The first, adopted after her dismissal from the Court of France by Charles VIII., was a windswept mountain, with the motto, "Perflant altissimo venti." The second, taken after the death of John Castille, and her child by him, was a fruit tree split by lightning.

[206]

This enigmatic device has been variously deciphered, but two contemporary authors agree in interpreting it "Fortuna infortunat fortiter unam," which means "Fortune tries cruelly a woman." Murray's guide gives incorrectly, "Fortune infortune forte une," meaning "Here is a woman strong in fortune or in misfortune."
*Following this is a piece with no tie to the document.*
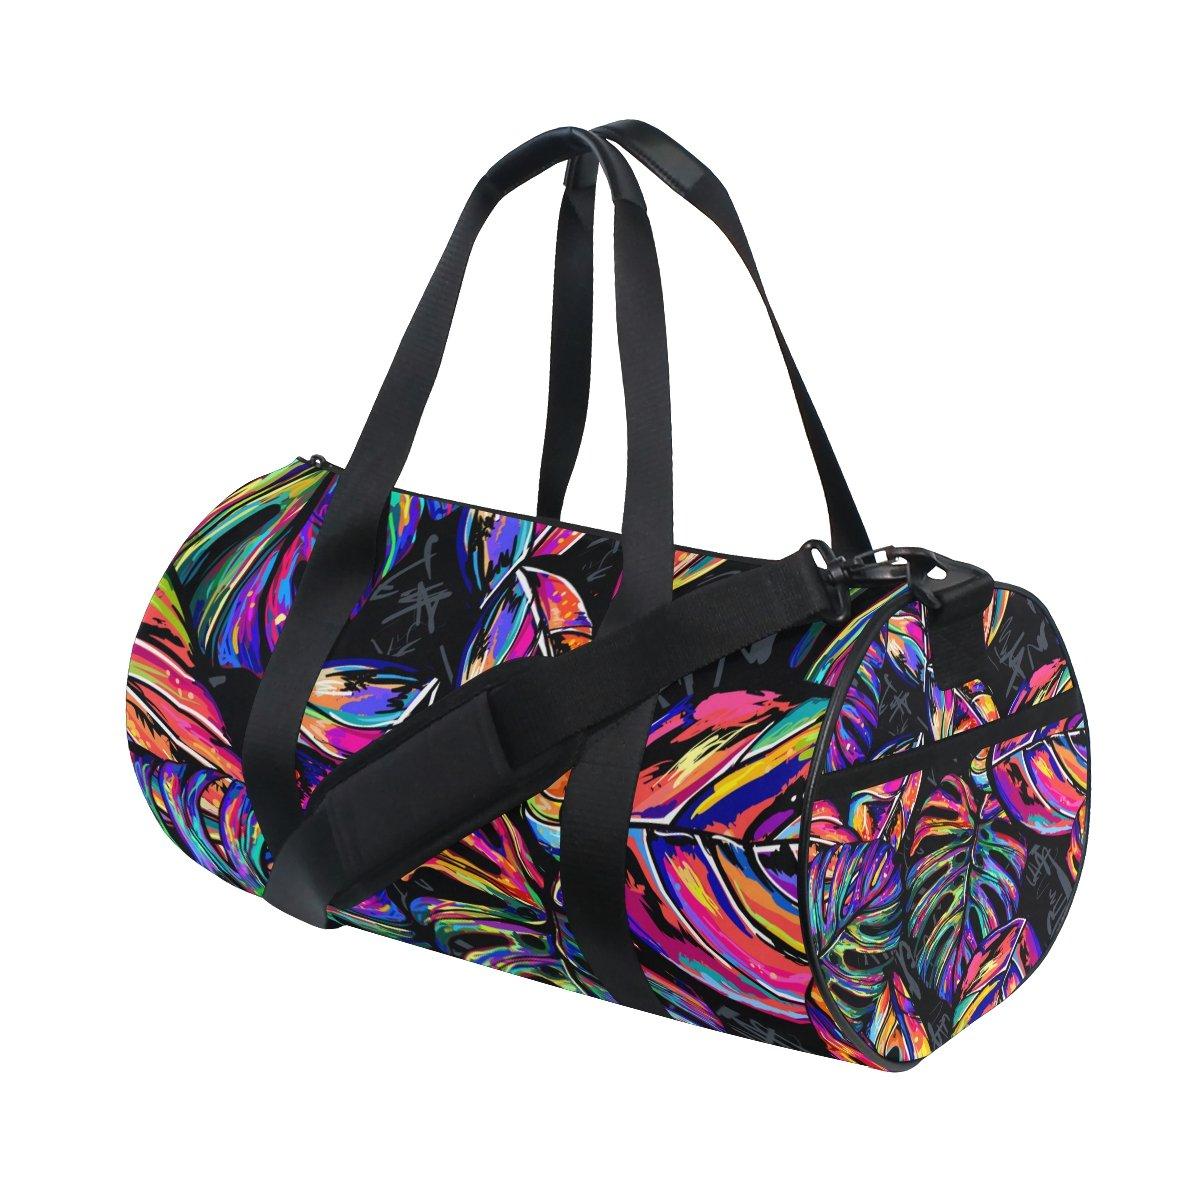 U LIFE Summer Tropical Palm Trees Colorful Hippie Sports Gym Shoulder Handy Duffel Bags for Women Men Kids Boys Girls

[207] Beaux's "Eglise de Brou," p. 57.

[208]

The fabric, however, does not seem to have suffered as much from the quarrels of the builders, as from the extraordinary failure of the architect to provide efficiently for carrying away the roof water, with the result that heavy rains nearly destroyed the building before even it was finished. Loys had probably forgotten structural soundness in his efforts to satisfy his employer's passion for decorative effect.

[209]

Matthew Arnold's poem, "The Church of Brou," is marred by a number of unnecessary inaccuracies. Philibert was not slain by a boar, he died of pleurisy. Marguerite's Tomb is at the "Crossing East of the Choir," and not in the nave, moreover, the poet seems so uncertain whether the Church is in the mountain or in the valley, that one is led to doubt whether he really knew.

[210] "Description Historique de la belle église et du couvent royal de Brou." Quoted Beaux pp. 126-8.